问题
Is there a simple way to open a web page within a GUI's JPanel?
If not, how do you open a web page with the computer's default web browser?
I am hoping for something that I can do with under 20 lines of code, and at most would need to create one class. No reason for 20 though, just hoping for little code...
I am planning to open a guide to go with a game. The guide is online and has multiple pages, but the pages link to each other, so I am hoping I only have to call one URL with my code.
回答1:
Opening a web page with the default web browser is easy:
java.awt.Desktop.getDesktop().browse(theURI);
Embedding a browser is not so easy. JEditorPane has some HTML ability (if I remember my limited Swing-knowledge correctly), but it's very limited and not suiteable for a general-purpose browser.
回答2:
There are two standard ways that I know of:
- The standard JEditorPane component
Desktop.getDesktop().browse(URI) to open the user's default browser (Java 6 or later)
Soon, there will also be a third:
- The JWebPane component, which apparently has not yet been released
JEditorPane is very bare-bones; it doesn't handle CSS or JavaScript, and you even have to handle hyperlinks yourself. But you can embed it into your application more seamlessly than launching FireFox would be.
Here's a sample of how to use hyperlinks (assuming your documents don't use frames):
// ... initialize myEditorPane
myEditorPane.setEditable(false); // to allow it to generate HyperlinkEvents
myEditorPane.addHyperlinkListener(new HyperlinkListener() {
public void hyperlinkUpdate(HyperlinkEvent e) {
if (e.getEventType() == HyperlinkEvent.EventType.ENTERED) {
myEditorPane.setToolTipText(e.getDescription());
} else if (e.getEventType() == HyperlinkEvent.EventType.EXITED) {
myEditorPane.setToolTipText(null);
} else if (e.getEventType() == HyperlinkEvent.EventType.ACTIVATED) {
try {
myEditorPane.setPage(e.getURL());
} catch (IOException ex) {
// handle error
ex.printStackTrace();
}
}
}
});
回答3:
If you're developing an applet, you can use AppletContext.showDocument.
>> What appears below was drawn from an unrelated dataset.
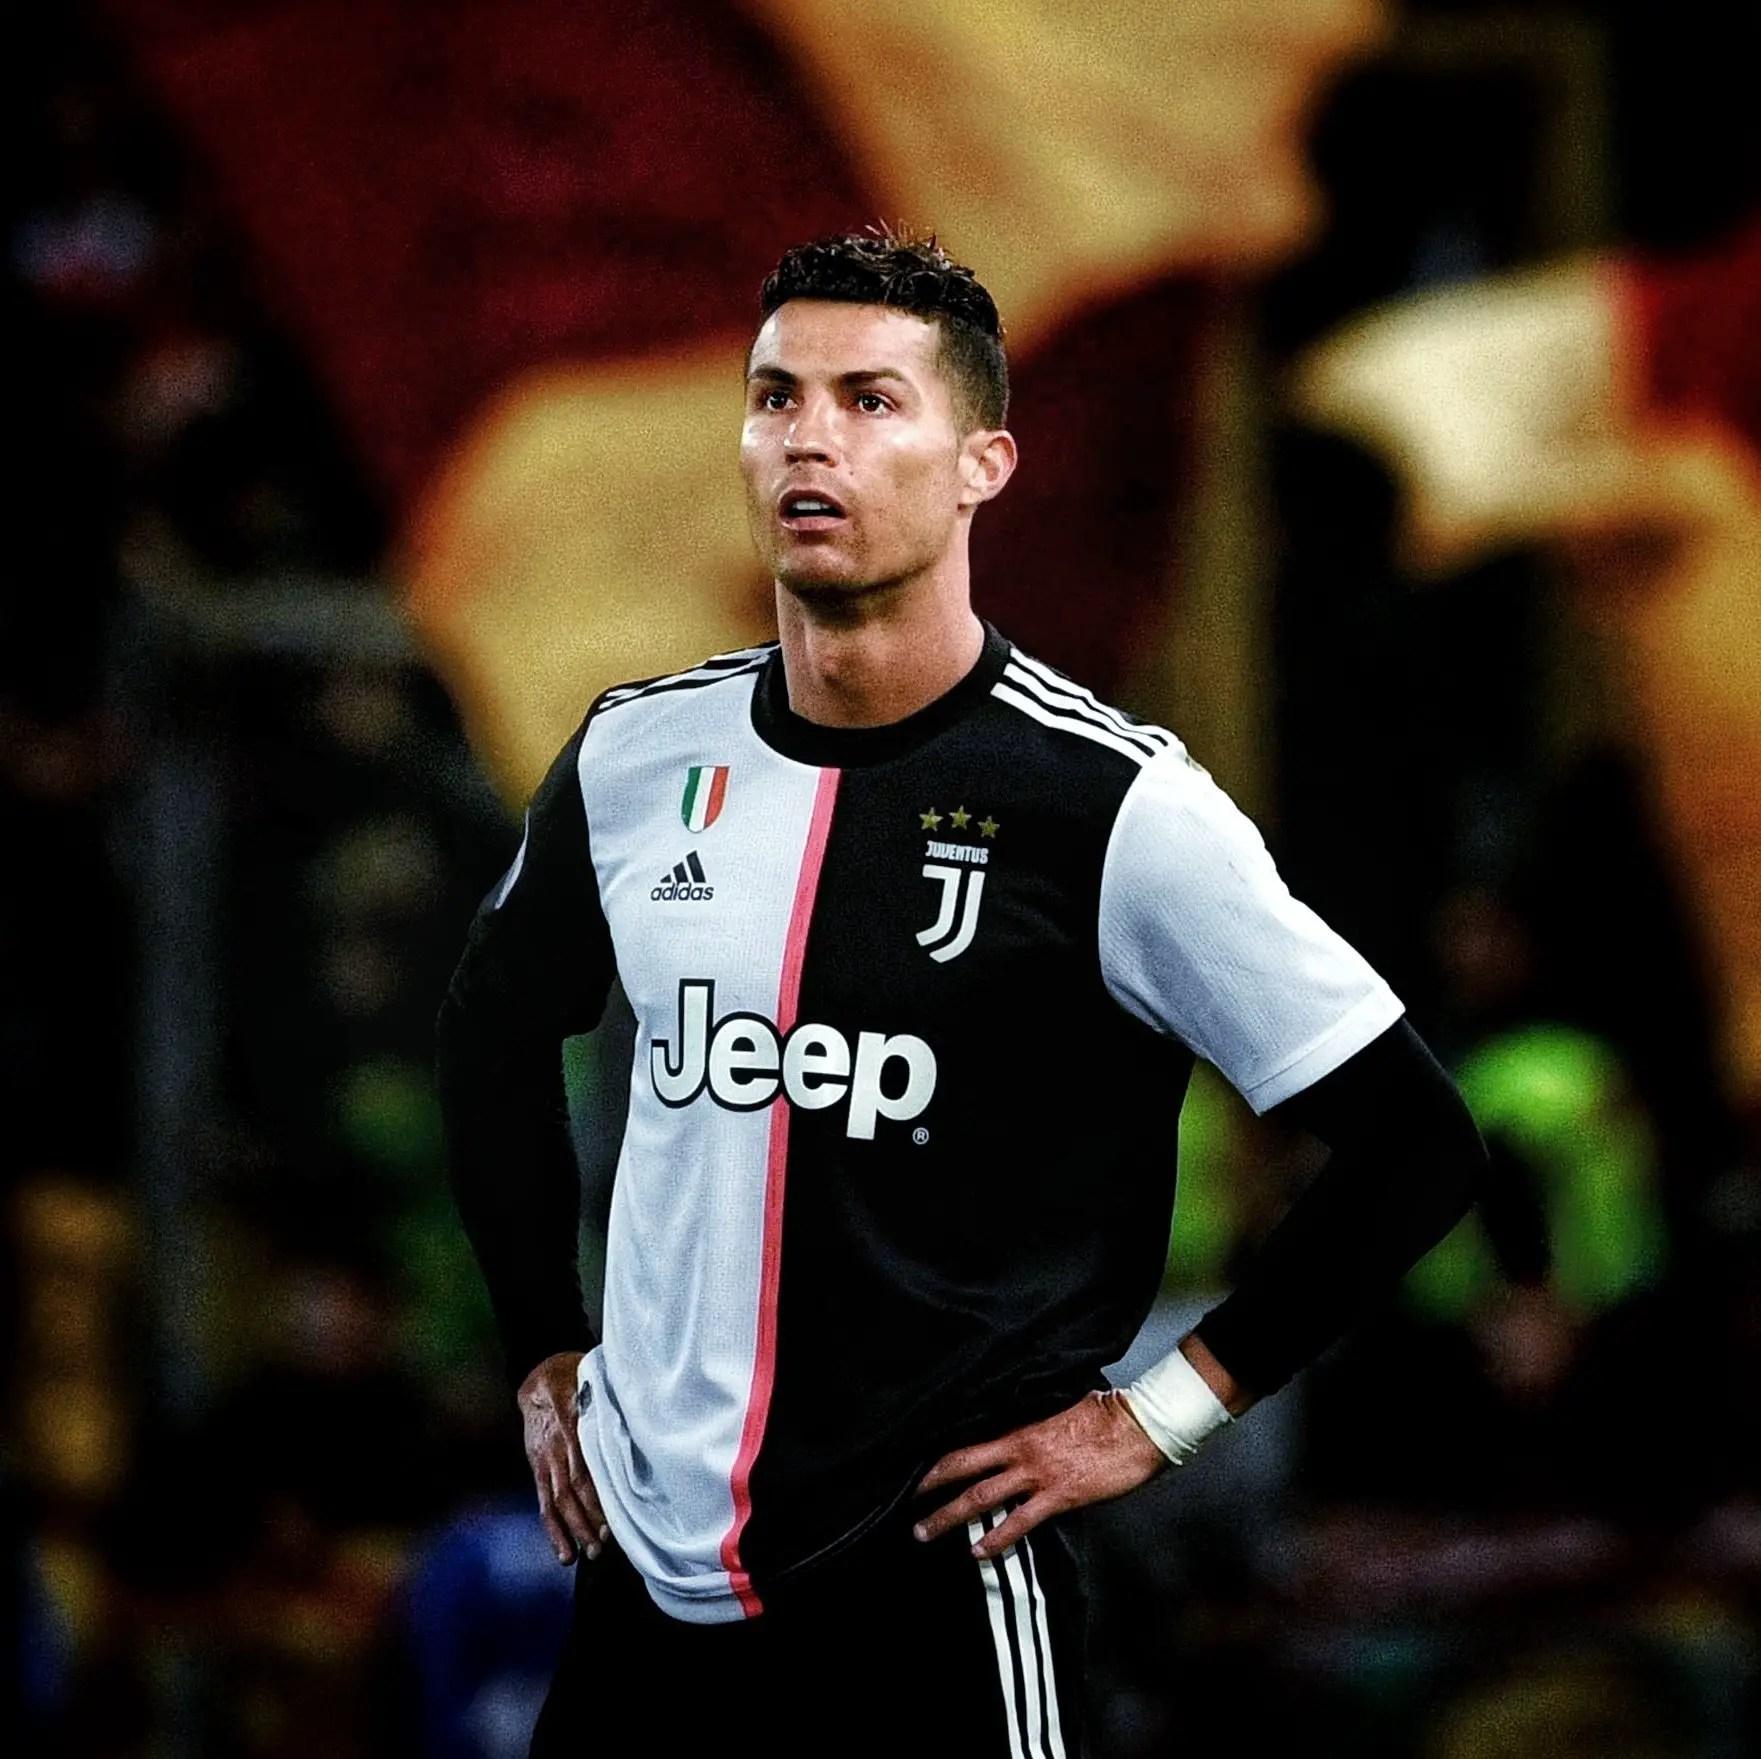 Coppa Italia Semi-Final Matches Air Live On StarTimes

That would be a one-liner:
getAppletContext().showDocument("http://example.com", "_blank");
If you're developing a desktop application, you might try Bare Bones Browser Launch.
回答4:
haven't tried it at all, but the cobra HTML parser and viewer from the lobo browser, a browser writen in pure java, may be what you're after. They provide sample code to set up an online html viewer:
import javax.swing.*;
import org.lobobrowser.html.gui.*;
import org.lobobrowser.html.test.*;
public class BareMinimumTest {
public static void main(String[] args) throws Exception {
JFrame window = new JFrame();
HtmlPanel panel = new HtmlPanel();
window.getContentPane().add(panel);
window.setSize(600, 400);
window.setVisible(true);
new SimpleHtmlRendererContext(panel, new SimpleUserAgentContext())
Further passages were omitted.